I picked up this little collection recently; the cover states that this is a collection of three novellas. That's stretching it a bit -- these are three short stories. The book is only 122 pages, the font is a decent reading size, and white space abounds.
Still, they are three really good short stories. And definitely worth your time to search out. Berberova was a Russian emigree, first to Paris, then to New York. The first two stories take place in the Old World, but the third is clearly New York. In the first, mother and daughter are taking their vacation in a country boarding house in Russia, ignoring the looming revolution that's happening around them. Disaster strikes in an unexpected way; the details of the disaster and the fallout are precise and disturbing. The second features a woman who must relocate from her town in Ukraine because of the fighting, and like many other internal refugees she rents a room in a boarding house to live in. Unfortunately, she doesn't get along with the other members of the household -- they are suspicious of her, prying, spying on her, hostile to this woman from a higher, educated class. Both of these two stories were written in the 1920s, and both are sharp, with unhappy endings. Just about what you'd expect from Russian fiction.
The final story is set in The City, and while it also features an emigre, in this one the narrative is more dreamlike and modern, having been written much later. It was fascinating but also strange. A man finds a room to live in in the attic of a huge apartment block, which has a whole "main street" of shops on one floor for the residents; the attic overlooks this floor. This is odd enough, but the other residents of the attic are also strange, as he discovers as he makes the rounds. There are still the themes of isolation, hostility, lack of belonging, as in the first two, but told in a different way here. And the conclusion feels much more American in a way.
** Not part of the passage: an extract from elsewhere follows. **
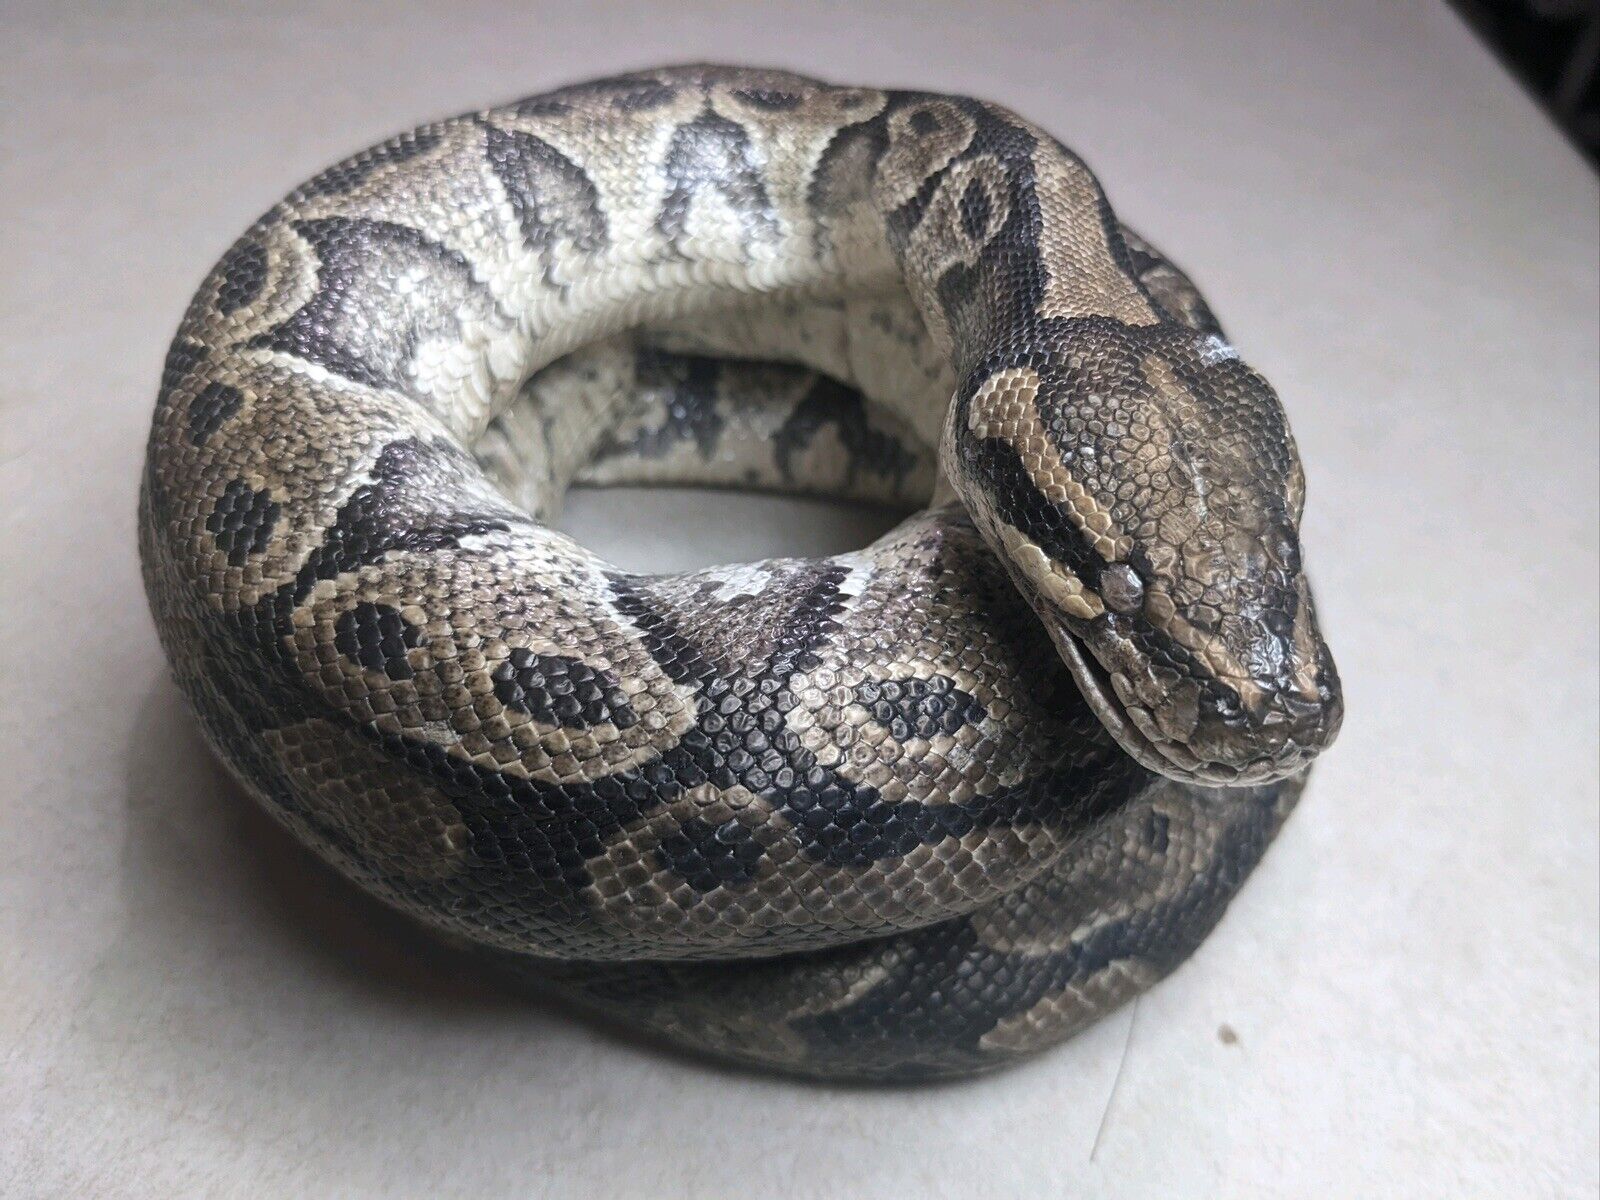 Real Massive Ball Dinker Python Taxidermy Mount

I found the writing style clear and descriptive, focused on character, and people's thoughts and reactions to difficult circumstances. She's just telling you what happened, not interpreting or analyzing it - that's your job as the reader. The stories are memorable, and I'm now interested in finding out more about Berberova, an author I've never read before. She was apparently a prolific writer, so hopefully I can track down more work in English.
I like Berberova very much, and had hoped to get to one of her works for WIT but ran out of time. I've not come across this one before, though, and it sounds good!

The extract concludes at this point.